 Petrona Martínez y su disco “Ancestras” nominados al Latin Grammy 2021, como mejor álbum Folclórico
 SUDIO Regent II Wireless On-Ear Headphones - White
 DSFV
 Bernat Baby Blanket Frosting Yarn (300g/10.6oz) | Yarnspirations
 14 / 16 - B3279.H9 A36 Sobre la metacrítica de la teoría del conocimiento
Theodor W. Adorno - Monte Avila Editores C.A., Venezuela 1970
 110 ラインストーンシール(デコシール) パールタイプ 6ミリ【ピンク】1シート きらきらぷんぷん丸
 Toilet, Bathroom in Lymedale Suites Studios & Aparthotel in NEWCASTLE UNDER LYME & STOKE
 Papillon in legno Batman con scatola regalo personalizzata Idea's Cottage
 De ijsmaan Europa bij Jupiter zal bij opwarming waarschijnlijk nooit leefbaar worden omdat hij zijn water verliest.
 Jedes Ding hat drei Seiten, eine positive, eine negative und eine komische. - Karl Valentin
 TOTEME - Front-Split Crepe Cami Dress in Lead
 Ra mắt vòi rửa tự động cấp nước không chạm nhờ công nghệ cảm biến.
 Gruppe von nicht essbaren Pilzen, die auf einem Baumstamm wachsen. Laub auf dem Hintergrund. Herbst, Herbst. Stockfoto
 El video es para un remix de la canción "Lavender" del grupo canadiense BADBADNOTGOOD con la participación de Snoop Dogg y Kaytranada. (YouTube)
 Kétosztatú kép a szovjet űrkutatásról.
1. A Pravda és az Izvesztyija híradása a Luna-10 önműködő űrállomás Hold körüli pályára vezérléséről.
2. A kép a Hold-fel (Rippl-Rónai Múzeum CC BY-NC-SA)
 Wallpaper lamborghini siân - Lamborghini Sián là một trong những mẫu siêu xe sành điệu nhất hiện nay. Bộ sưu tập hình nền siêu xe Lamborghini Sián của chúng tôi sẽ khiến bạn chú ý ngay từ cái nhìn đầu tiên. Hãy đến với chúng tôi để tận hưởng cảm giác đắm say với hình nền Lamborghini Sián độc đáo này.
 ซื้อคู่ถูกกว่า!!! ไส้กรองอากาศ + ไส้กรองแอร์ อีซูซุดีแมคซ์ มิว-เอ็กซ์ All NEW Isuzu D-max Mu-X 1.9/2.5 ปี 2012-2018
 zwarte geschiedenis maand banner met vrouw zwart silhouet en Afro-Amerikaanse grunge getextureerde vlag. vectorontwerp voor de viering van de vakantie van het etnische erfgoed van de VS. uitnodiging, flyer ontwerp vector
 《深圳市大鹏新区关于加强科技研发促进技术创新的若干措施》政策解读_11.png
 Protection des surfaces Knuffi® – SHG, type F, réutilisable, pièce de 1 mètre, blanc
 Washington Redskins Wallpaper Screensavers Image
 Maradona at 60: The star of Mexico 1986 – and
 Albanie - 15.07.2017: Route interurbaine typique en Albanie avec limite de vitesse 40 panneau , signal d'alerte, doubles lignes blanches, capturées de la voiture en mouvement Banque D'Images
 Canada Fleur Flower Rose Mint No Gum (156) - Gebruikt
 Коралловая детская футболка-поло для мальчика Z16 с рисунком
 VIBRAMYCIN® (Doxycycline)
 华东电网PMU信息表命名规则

--*--

◆ **ASSIGNMENT**
Copy the entries exactly, leaving no line out.

◆ **TASK OUTPUT**
 Petrona Martínez y su disco “Ancestras” nominados al Latin Grammy 2021, como mejor álbum Folclórico
 SUDIO Regent II Wireless On-Ear Headphones - White
 DSFV
 Bernat Baby Blanket Frosting Yarn (300g/10.6oz) | Yarnspirations
 14 / 16 - B3279.H9 A36 Sobre la metacrítica de la teoría del conocimiento
Theodor W. Adorno - Monte Avila Editores C.A., Venezuela 1970
 110 ラインストーンシール(デコシール) パールタイプ 6ミリ【ピンク】1シート きらきらぷんぷん丸
 Toilet, Bathroom in Lymedale Suites Studios & Aparthotel in NEWCASTLE UNDER LYME & STOKE
 Papillon in legno Batman con scatola regalo personalizzata Idea's Cottage
 De ijsmaan Europa bij Jupiter zal bij opwarming waarschijnlijk nooit leefbaar worden omdat hij zijn water verliest.
 Jedes Ding hat drei Seiten, eine positive, eine negative und eine komische. - Karl Valentin
 TOTEME - Front-Split Crepe Cami Dress in Lead
 Ra mắt vòi rửa tự động cấp nước không chạm nhờ công nghệ cảm biến.
 Gruppe von nicht essbaren Pilzen, die auf einem Baumstamm wachsen. Laub auf dem Hintergrund. Herbst, Herbst. Stockfoto
 El video es para un remix de la canción "Lavender" del grupo canadiense BADBADNOTGOOD con la participación de Snoop Dogg y Kaytranada. (YouTube)
 Kétosztatú kép a szovjet űrkutatásról.
1. A Pravda és az Izvesztyija híradása a Luna-10 önműködő űrállomás Hold körüli pályára vezérléséről.
2. A kép a Hold-fel (Rippl-Rónai Múzeum CC BY-NC-SA)
 Wallpaper lamborghini siân - Lamborghini Sián là một trong những mẫu siêu xe sành điệu nhất hiện nay. Bộ sưu tập hình nền siêu xe Lamborghini Sián của chúng tôi sẽ khiến bạn chú ý ngay từ cái nhìn đầu tiên. Hãy đến với chúng tôi để tận hưởng cảm giác đắm say với hình nền Lamborghini Sián độc đáo này.
 ซื้อคู่ถูกกว่า!!! ไส้กรองอากาศ + ไส้กรองแอร์ อีซูซุดีแมคซ์ มิว-เอ็กซ์ All NEW Isuzu D-max Mu-X 1.9/2.5 ปี 2012-2018
 zwarte geschiedenis maand banner met vrouw zwart silhouet en Afro-Amerikaanse grunge getextureerde vlag. vectorontwerp voor de viering van de vakantie van het etnische erfgoed van de VS. uitnodiging, flyer ontwerp vector
 《深圳市大鹏新区关于加强科技研发促进技术创新的若干措施》政策解读_11.png
 Protection des surfaces Knuffi® – SHG, type F, réutilisable, pièce de 1 mètre, blanc
 Washington Redskins Wallpaper Screensavers Image
 Maradona at 60: The star of Mexico 1986 – and
 Albanie - 15.07.2017: Route interurbaine typique en Albanie avec limite de vitesse 40 panneau , signal d'alerte, doubles lignes blanches, capturées de la voiture en mouvement Banque D'Images
 Canada Fleur Flower Rose Mint No Gum (156) - Gebruikt
 Коралловая детская футболка-поло для мальчика Z16 с рисунком
 VIBRAMYCIN® (Doxycycline)
 华东电网PMU信息表命名规则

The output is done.